Preheat the 350°F 175°C, and line three cookie sheets with parchment paper. Set one oven rack at the top and the other at the bottom.
Combine the flour, salt, and baking powder in a bowl and whisk together. Set aside.
Add the butter and sugar into a bowl and beat on medium speed until the mixture is creamy and smooth about 4 minutes.
Scrape the sides of the bowl, then add the vanilla extract, almond extract, ricotta cheese, and eggs, and beat until well incorporated.
With the mixer on slow speed, gradually add the flour mixture and mix just until cookie dough begins to form.

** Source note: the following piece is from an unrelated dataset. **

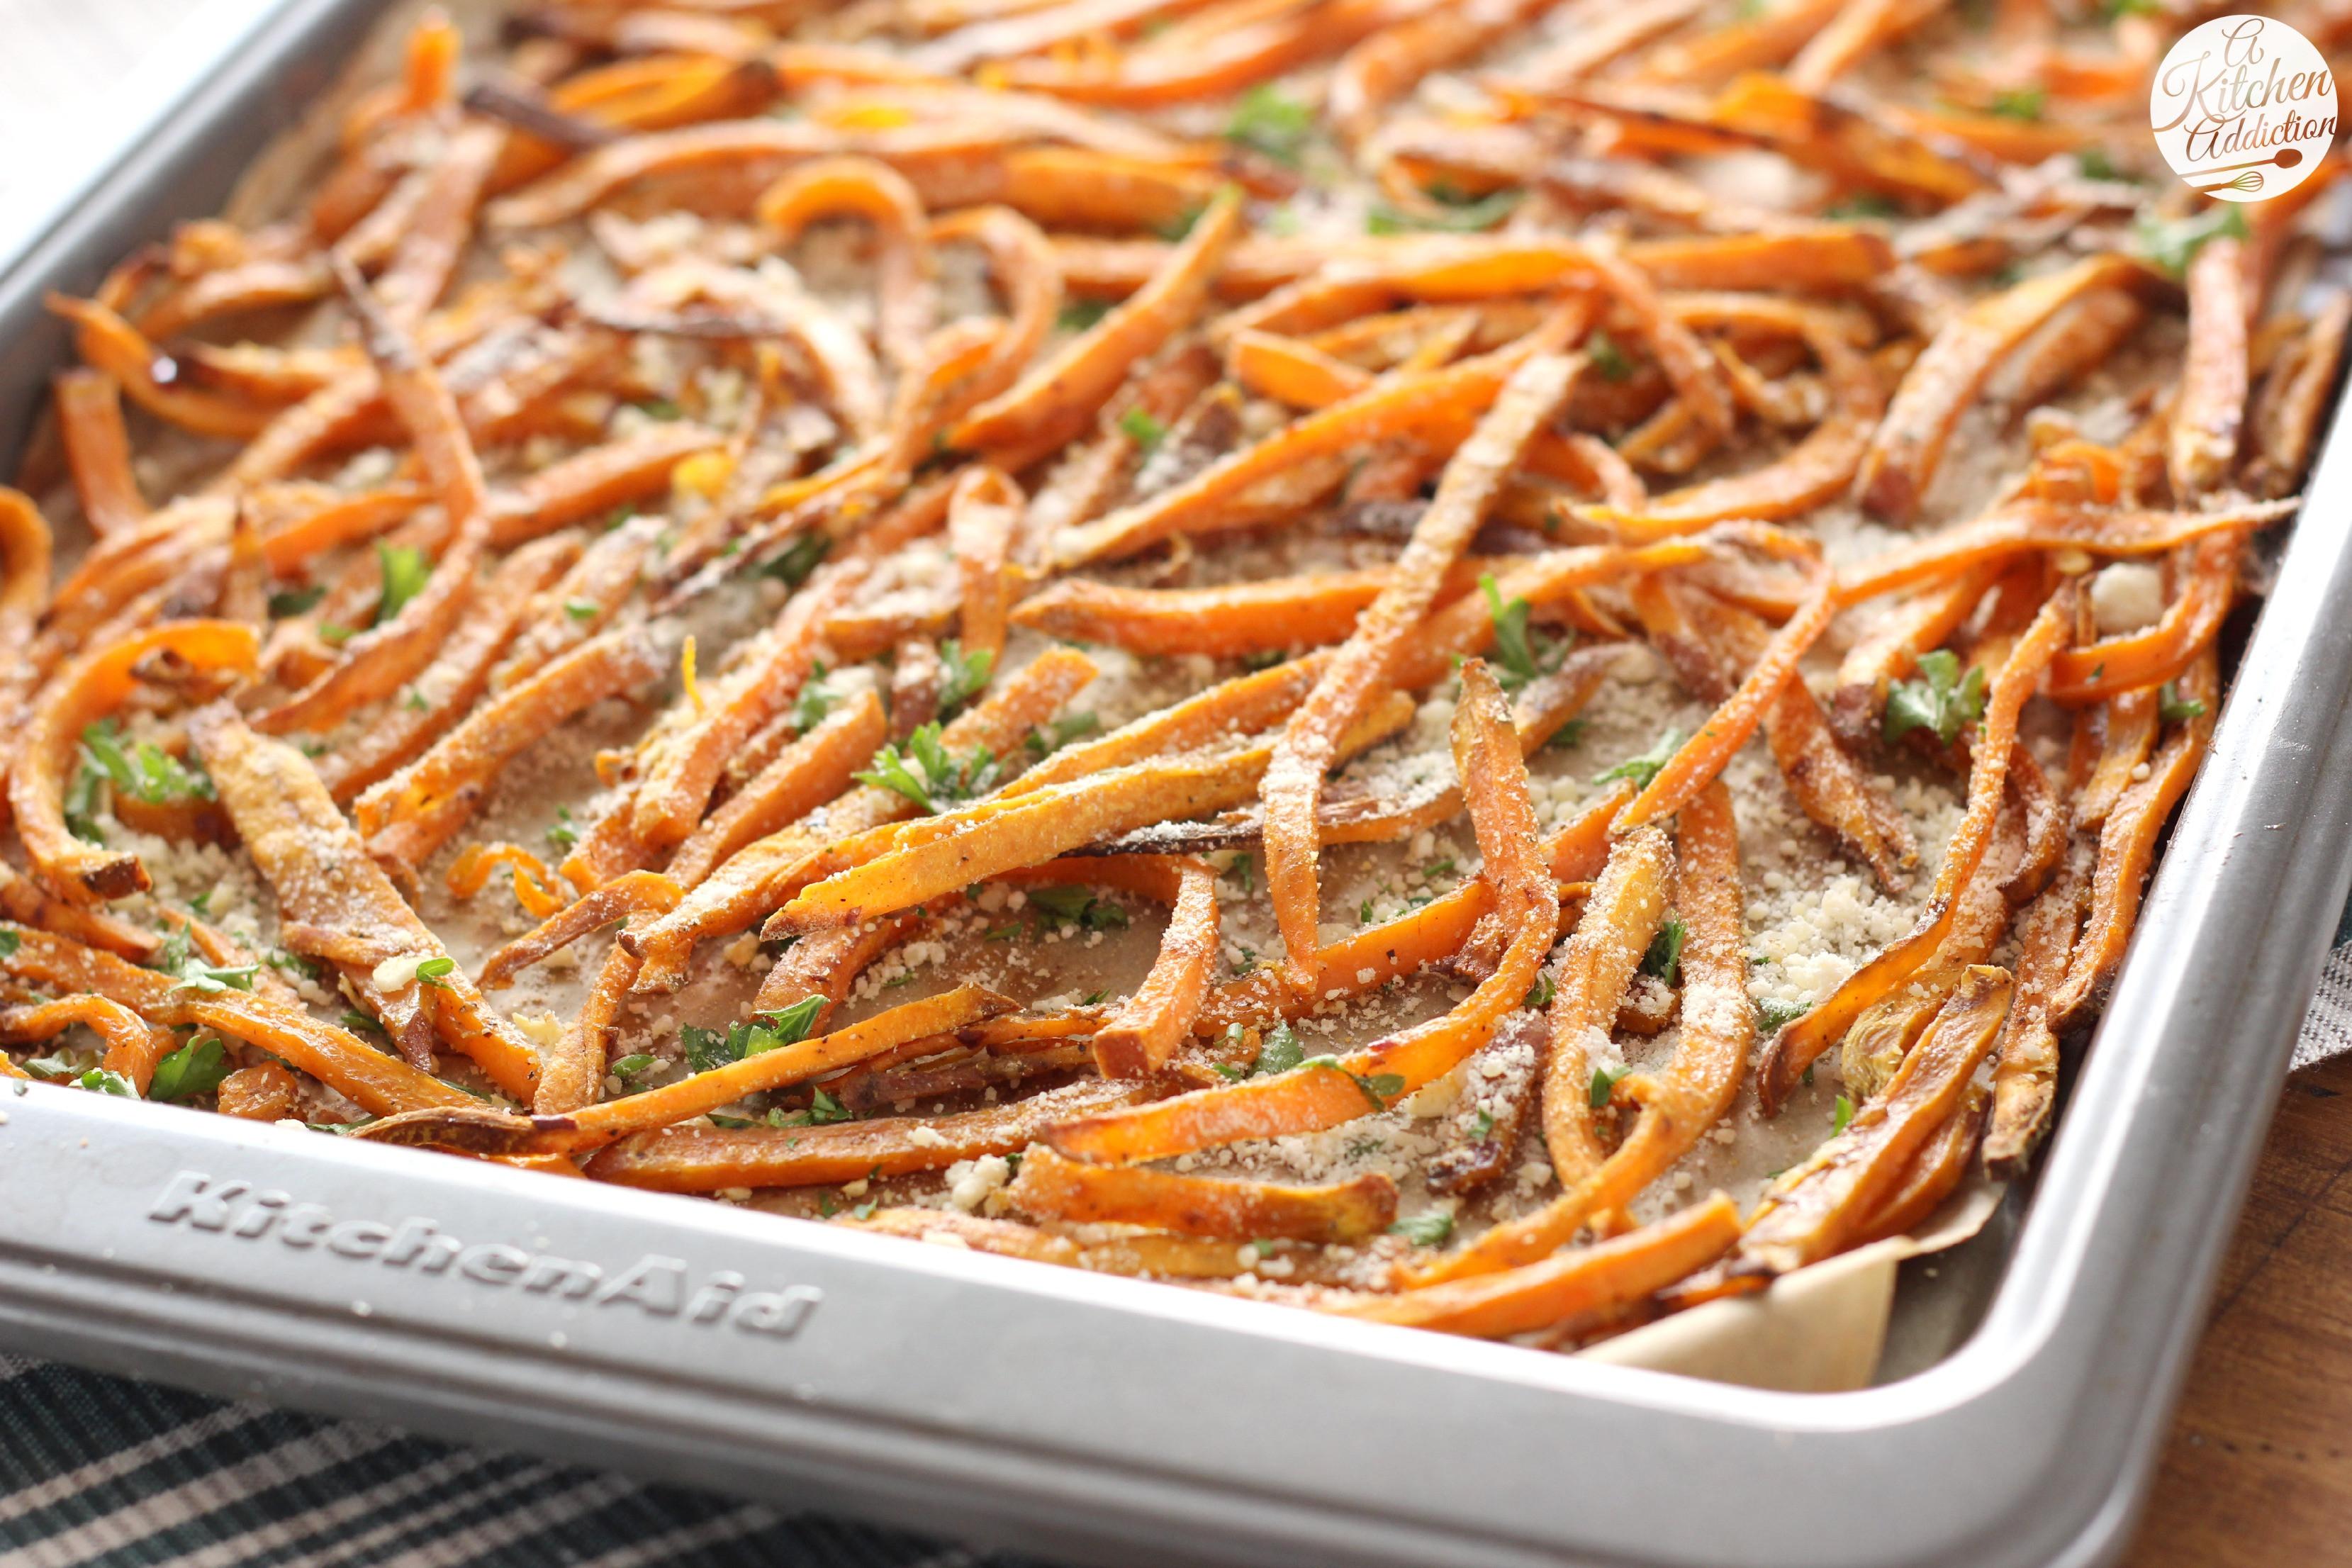 Sweet Potato Fries Recipes  Garlic and Herb Sweet Potato Fries A Kitchen Addiction

Using a tablespoon, drop dollops of cookies, about 30 grams each onto the baking sheeting separating them about 2-2 1/2 inches apart from each other.
Bake the ricotta cookies for about 13-15 minutes or until light golden brown. Rotate the cookies halfway.
Remove the cookies from the oven and allow them to cool on the baking pan.
Prepare The Icing: Combine the powdered sugar, vanilla, and milk or cream in a bowl and whisk until the icing is smooth.
Decorate The Cookies: Spread the icing throughout the top of the ricotta cookie then add some candy sprinkles.
Allow the icing to dry and set for about 30 minutes.
Enjoy!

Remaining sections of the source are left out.